大模型流式语音识别
背景
在人与人的交流以及传播知识过程中,大约70%的信息是来自于语音。未来,语音识别将必然成为智能生活里重要的一部分,它可以为个人语音助手、语音输入、智能音箱等应用场景提供相关必不可少的技术基础,而且,这还将会成为未来一种新的人机交互方式。
基于此背景,我们在API市场中新增了语音识别服务,在此服务中新增了大模型流式语音识别API接口。
概述
语音识别技术,也被称为语音转文本技术,是人工智能领域的一个重要分支。它通过计算机程序将人类的语音信号转换为文本信息,从而实现人机交互。在智能客服系统中,语音识别技术可以让客户通过语音来与智能客服进行交互,从而提高客户体验和服务效率。
大模型流式语音识别API接口,基于业界先进的语音识别、自然语言理解等技术,广泛应用于智能客服、小说阅读、在线教育、会议纪要、音视频字幕等多个企业应用场景。相比于普通的语音识别技术,大模型流式语音识别技术可提供更高的准确率以及上下文感知能力。

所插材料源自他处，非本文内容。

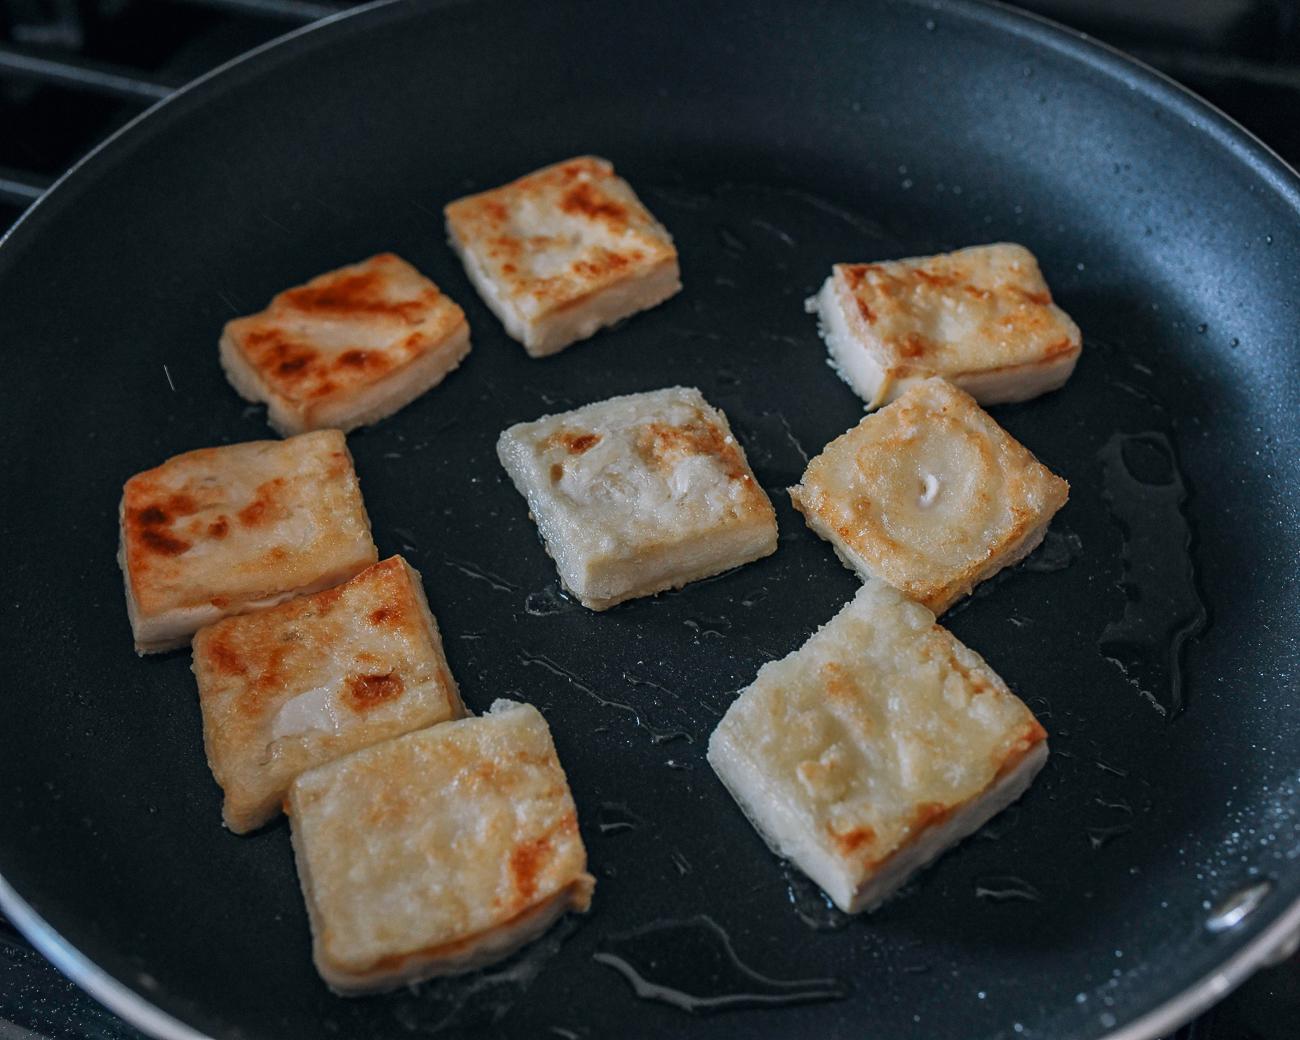 Pan-frying crispy tofu
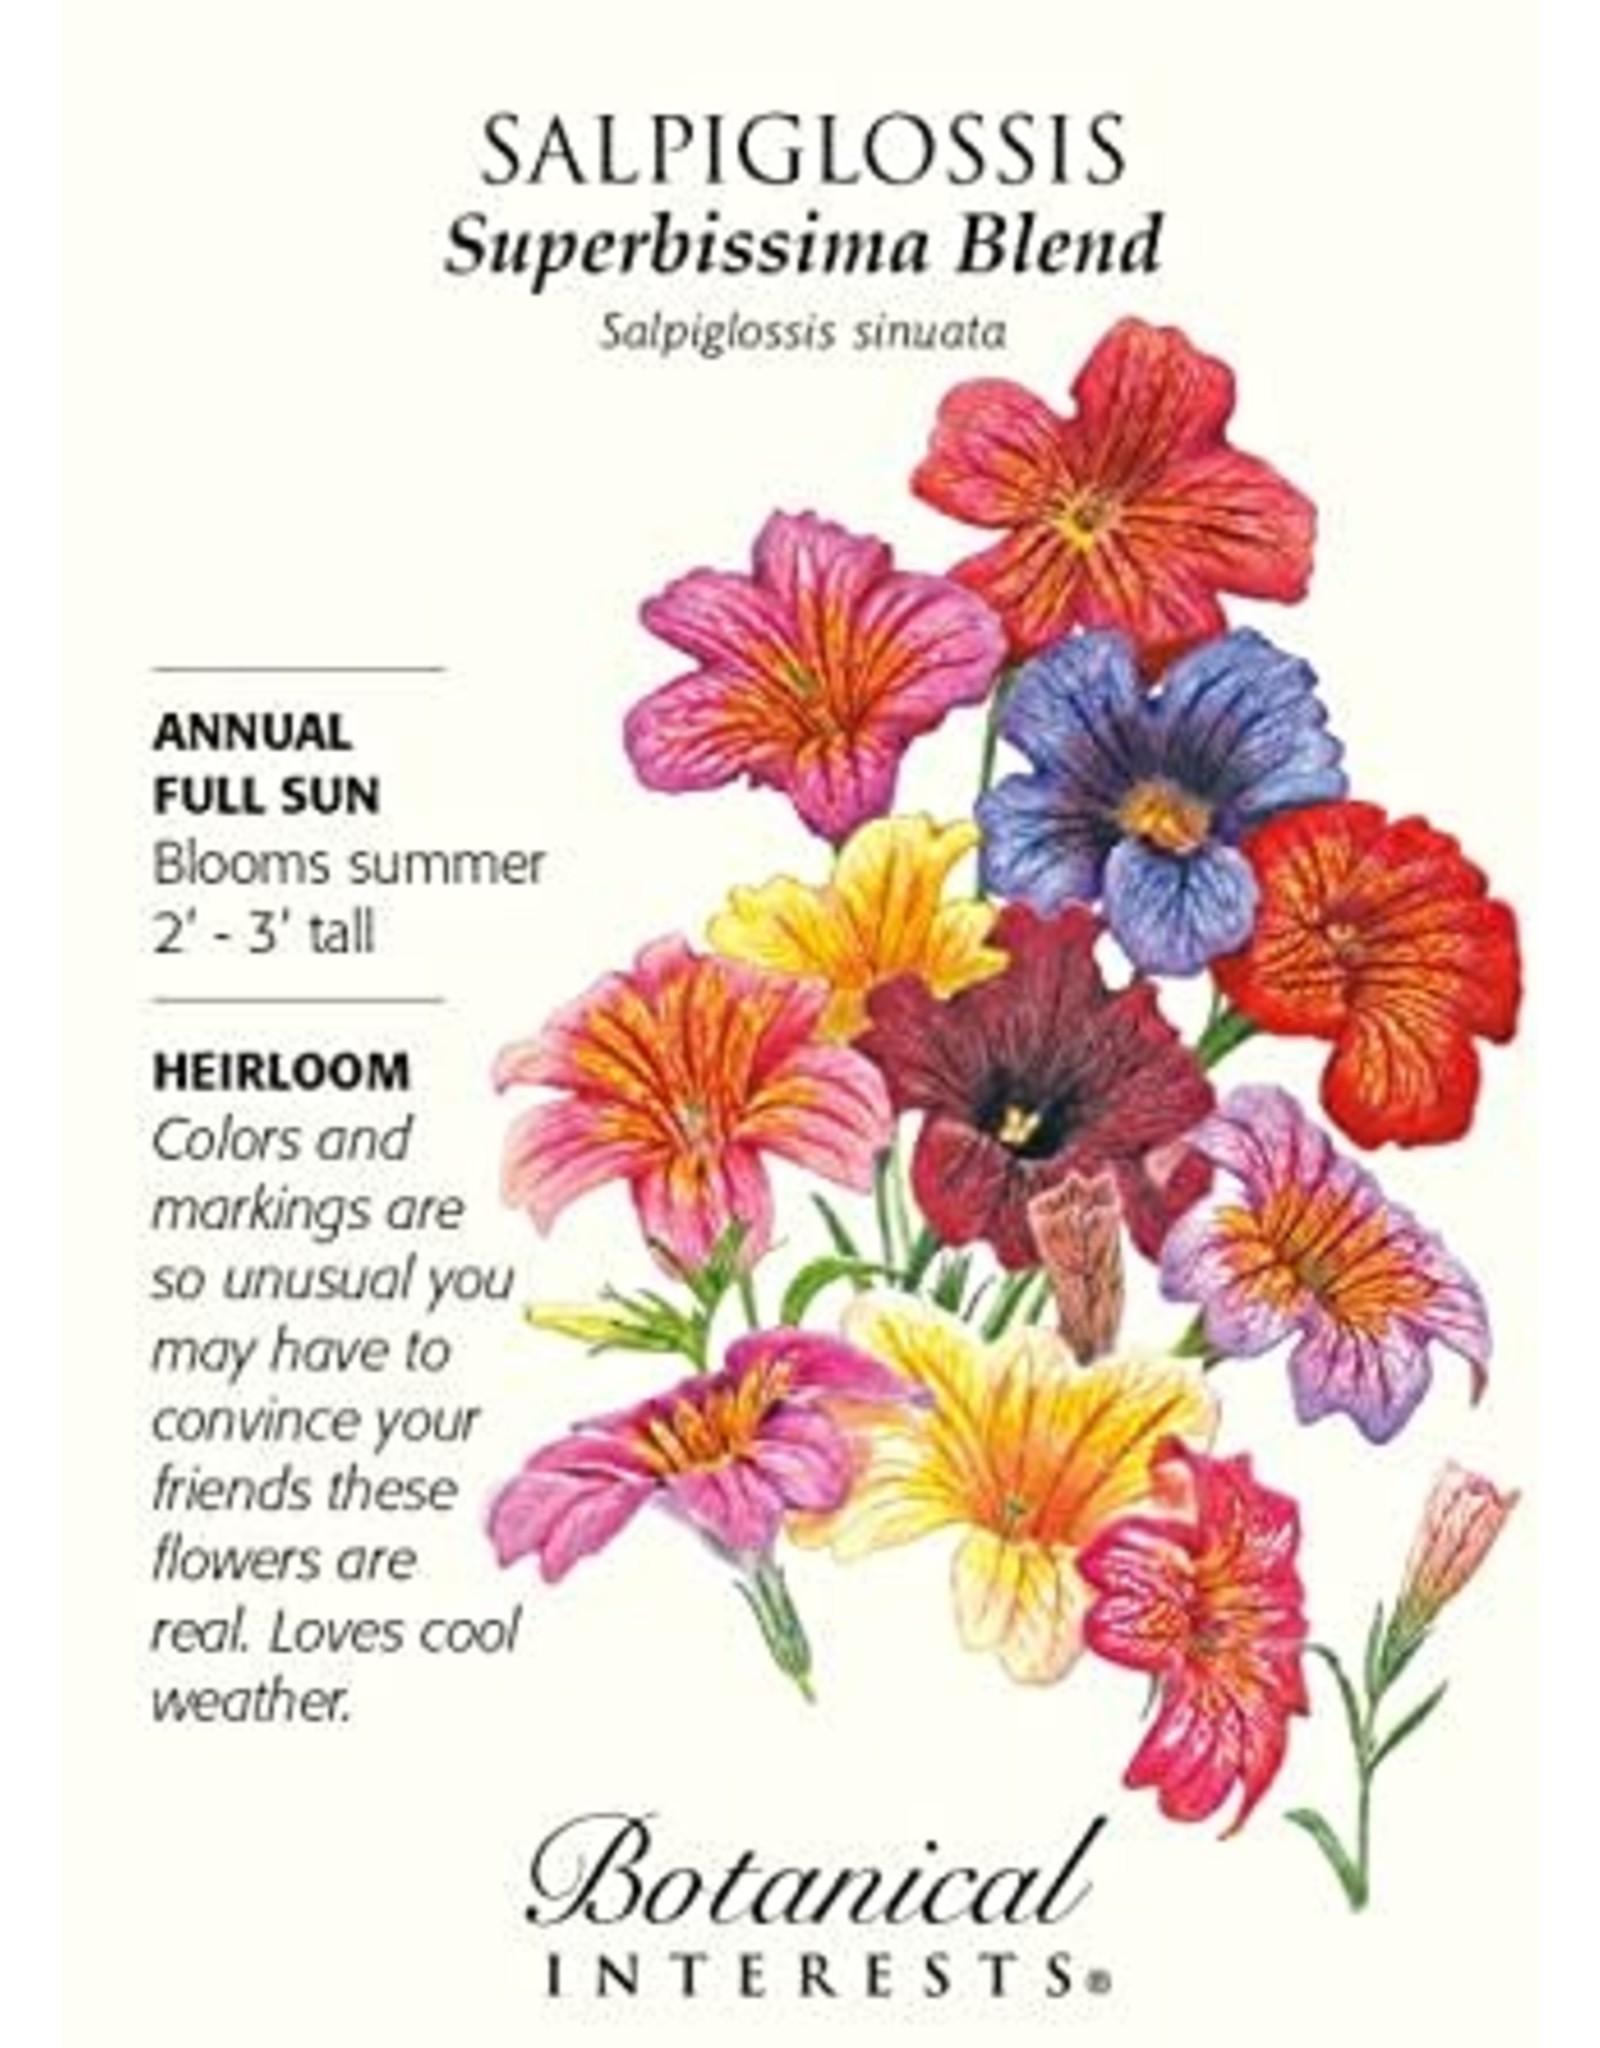 Seeds - Salpiglossis Superbissima Blend

大模型流式语音识别API接口使用的是双向流式模式(优化版本),该模式下,不再是每一包输入对应一包返回,只有当结果有变化时才会返回新的数据包(性能优化 rtf 和首字、尾字时延均有一定程度提升)。
接口文档
使用说明
调用大模型流式语音识别API接口的步骤如下:
1、申请 API Key
登陆智汇云官网 https://zyun.360.cn/,点击产品 -> API市场 -> API市场 APIMKT :
在页面中找到语音识别 点击查看详情 :
根据详情页的接口调用规范 中的说明申请 API Key:
申请 API Key 的具体方法如下:
在语音识别详情页点击创建应用
选择服务语音识别 后点击确定:
点击对应的应用名称进入详情页:
复制 API Key 并自行保存备用:
2、调用 API 接口
调用 API 接口的流程即接口文档中描述的请求流程,此处结合 golang 代码说明关键步骤,完整的示例代码(golang 和 python )可参考接口文档。
建立连接
使用 API Key 建立 websocket 连接(此处代码中的 "your token" 需替换为您在 API 市场中申请的 API Key):
func (c *AsrWsClient) createConnection() error {
var tokenHeader = http.Header{"Authorization": []string{fmt.Sprintf("Bearer %s", "your token")}}
fmt.Println("Connecting to ws://audio-asr.api.zyuncs.com/sauc ...")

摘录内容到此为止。